2004 television film

Identity Theft: The Michelle Brown Story, later renamed Identity Theft, is a crime-drama television film starring Kimberly Williams-Paisley, Annabella Sciorra and John Kapelos. It is based on a true story. The film premiered on the Lifetime television network in 2004.

==Plot==
Michelle Brown (Paisley) is a young woman who buys her first house and has an excellent credit history. As she submits the paperwork to the mortgage lender, one of the employees, Connie Volkos (Sciorra), uses Michelle's credit card number, social security number and address to purchase numerous items, including electronics and other luxuries. Eventually, this gets out of hand to the point that Michelle begins to suspect her identity has been stolen after receiving bills for items she had not paid for. Connie flees her apartment and travels through the country, dying her hair brown and obtaining a false driver license in Michelle's name. After reaching a different state she purchases her own apartment.

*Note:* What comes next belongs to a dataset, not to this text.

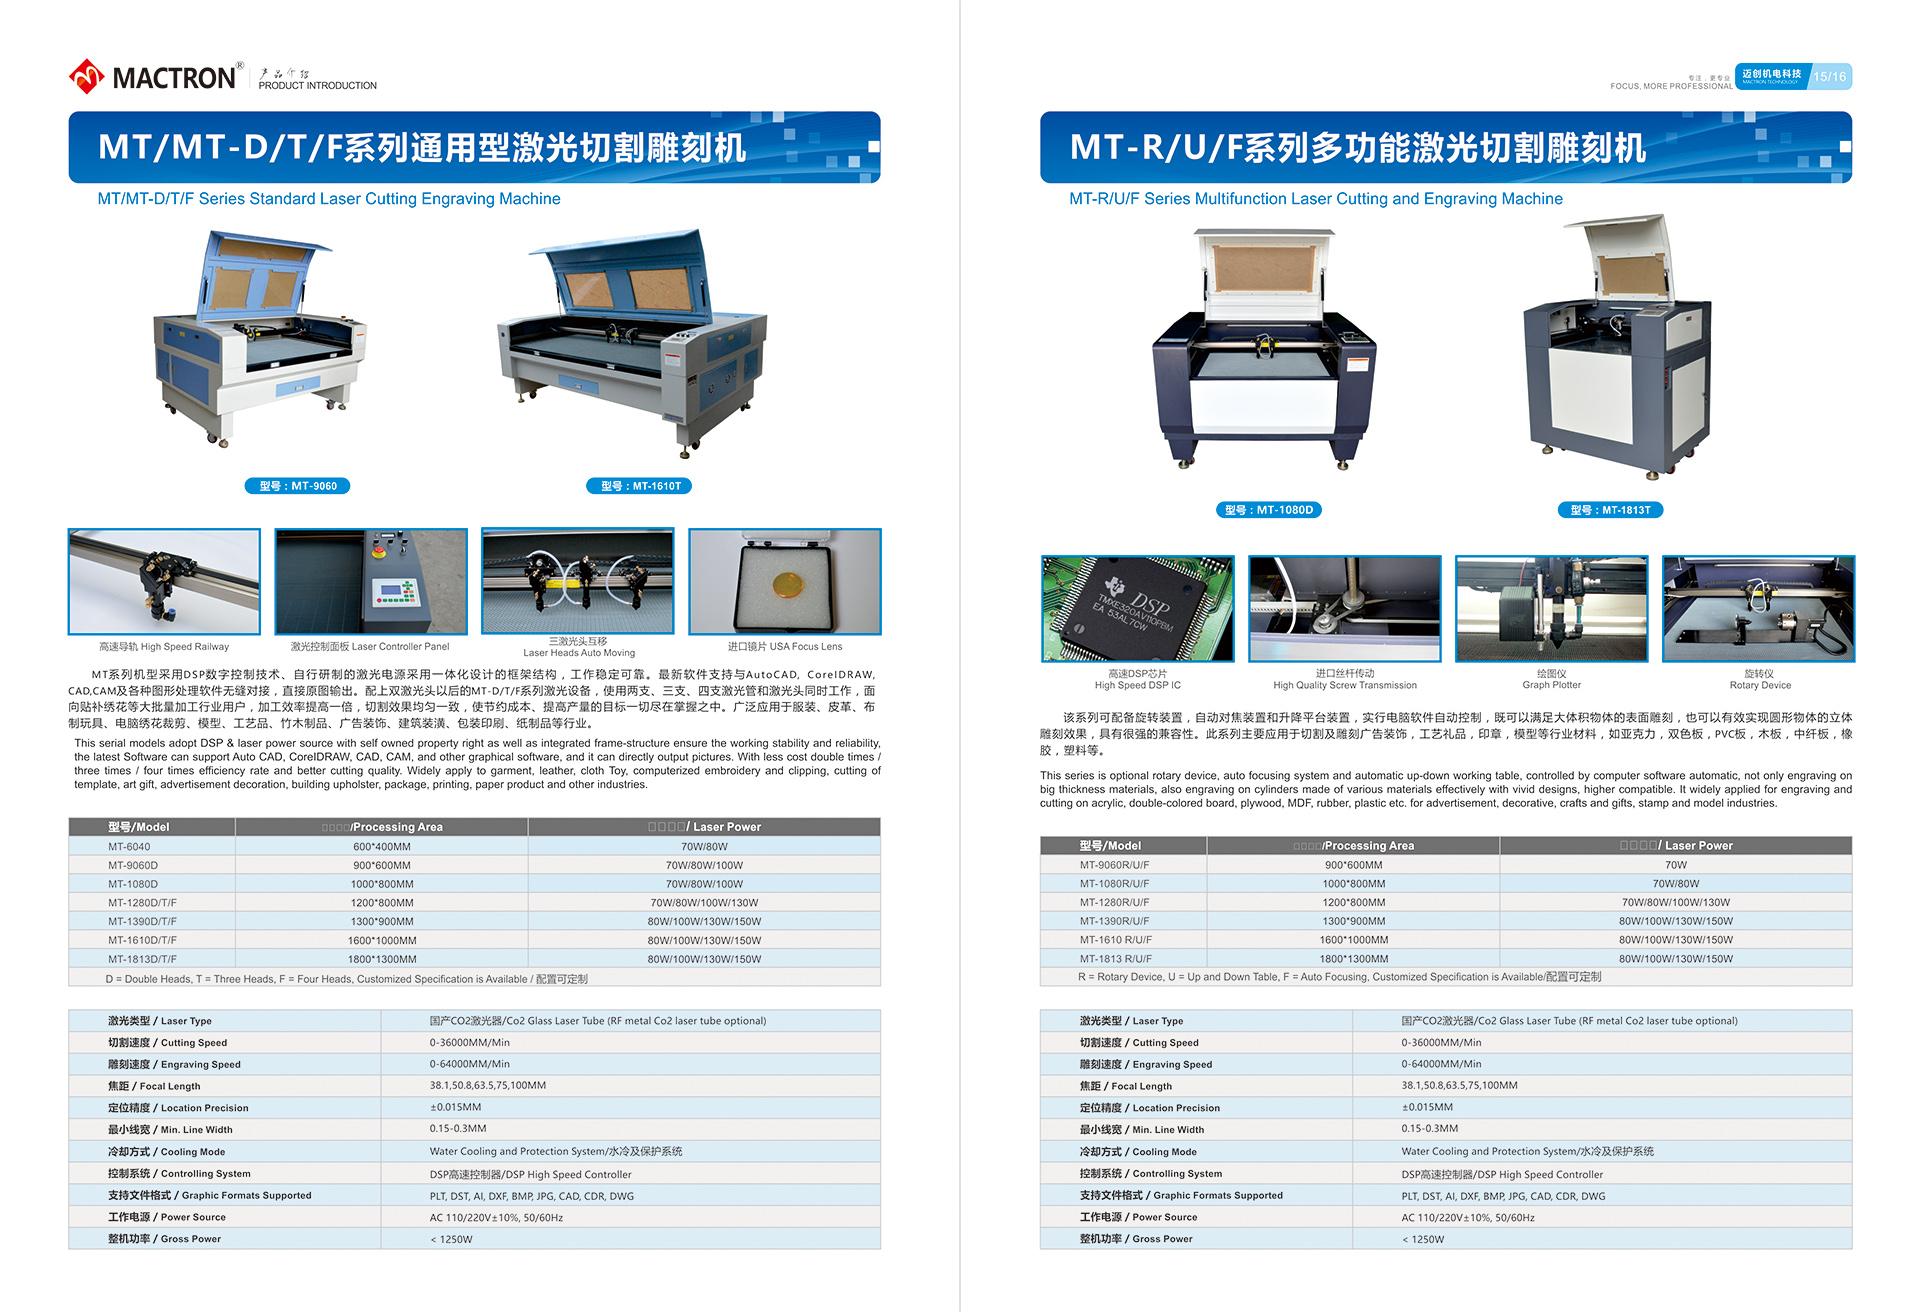 Mactron Tech Laser Catalogue 2017 (9)

Within a matter of months, Connie is arrested for attempting to deliver marijuana and flees the jurisdiction after her brother puts up her bail. Coincidentally, Michelle has traveled to the southern United States to observe another school and their teaching methods, but because Connie is still using Michelle's name, Michelle is arrested and detained at an airport. She is later released after Ray explains her predicament.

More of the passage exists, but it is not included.